Occasionally, too, the Ashbys hosted or were invited to lunches, picnics, suppers or trips to the races. There were balls at Government House where guests danced to the accompaniment of a slave orchestra or strolled over torch-lit lawns, taking refreshments and watching fireworks. If these entertainments were inevitably sumptuously catered and set in beautiful tropical surroundings, they were also boring. For the Creole community was not famous for its interest in cultural or intellectual affairs. Indeed the “Creole repugnance for learning” was legendary and the phrase “as ignorant as a Creole” was widely repeated during this era. One visitor who was subjected to a planter’s monologue on sugar—the boilers and bagasse (the fibrous matter left after the juice has been pressed out of the cane), the state of the market and the impact of the weather—feared she would faint with boredom. Despite its pretensions, Barbados was like all the Caribbean colonies, a maledominated laager whose crude manners and paucity of conversation led one traveller to conclude: “
It is a sad society that of the Creoles.”

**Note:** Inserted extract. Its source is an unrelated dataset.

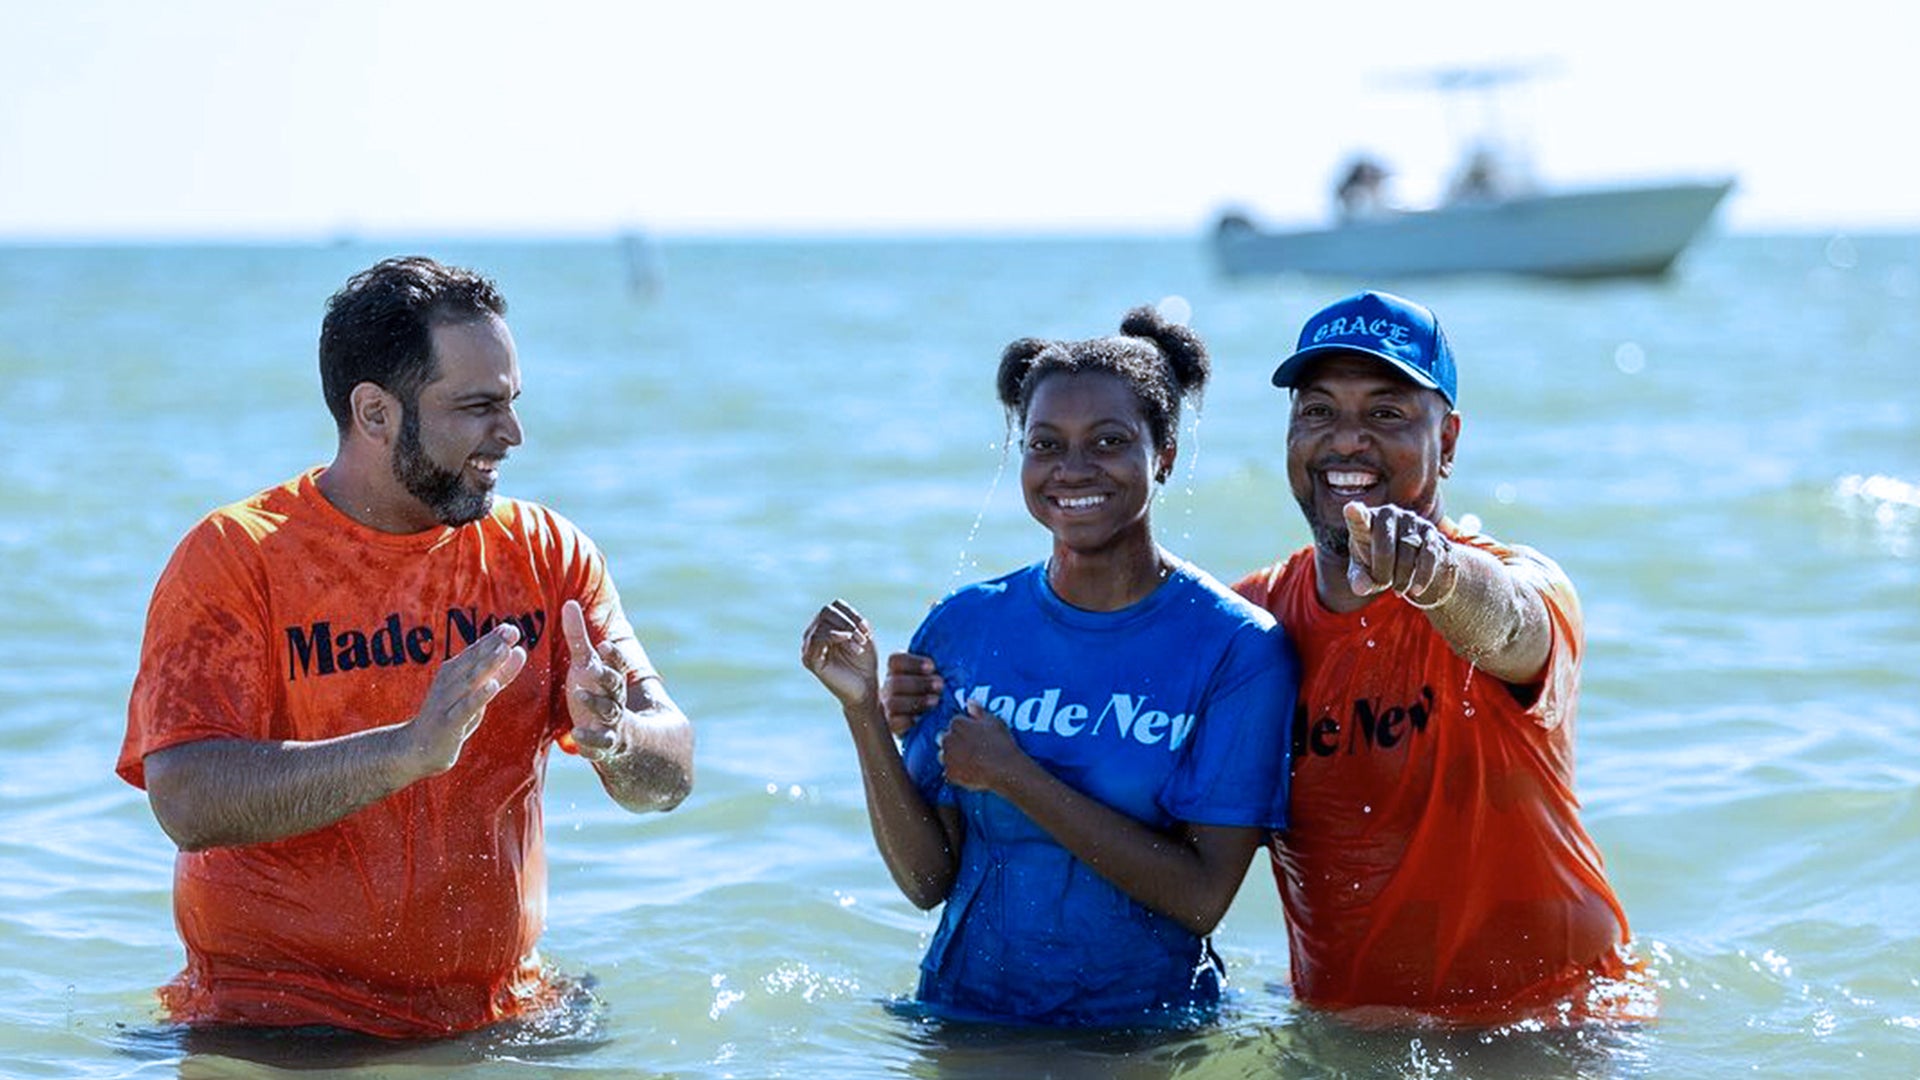   
																Tampa Church Baptizes Nearly 1,000 People On the Beach: 'There is A Wave of Revival Coming'

These negative characterizations inevitably annoyed the local whites greatly. While planters like Robert Cooper saw themselves as businessmen attempting to make a living in dangerous and precarious circumstances, at the same time they realized that visitors observed their society with a mixture of morbid curiosity and revulsion; and that these hostile perceptions would be seized upon by the abolitionists. They also knew that these scornful outsiders would return to “civilization,” ready to bemoan the white islanders’ lack of refinement and the corruption brought on by their proximity to heathens. Over time, therefore, the Creoles turned in on themselves, protecting their traditions and growing ever more clannish. Feeling profoundly misunderstood by outsiders, the community became fiercely independent, pugnacious, even a bit paranoid. And indeed, their way of life would prove to be unsustainable, for the times were irrevocably changing.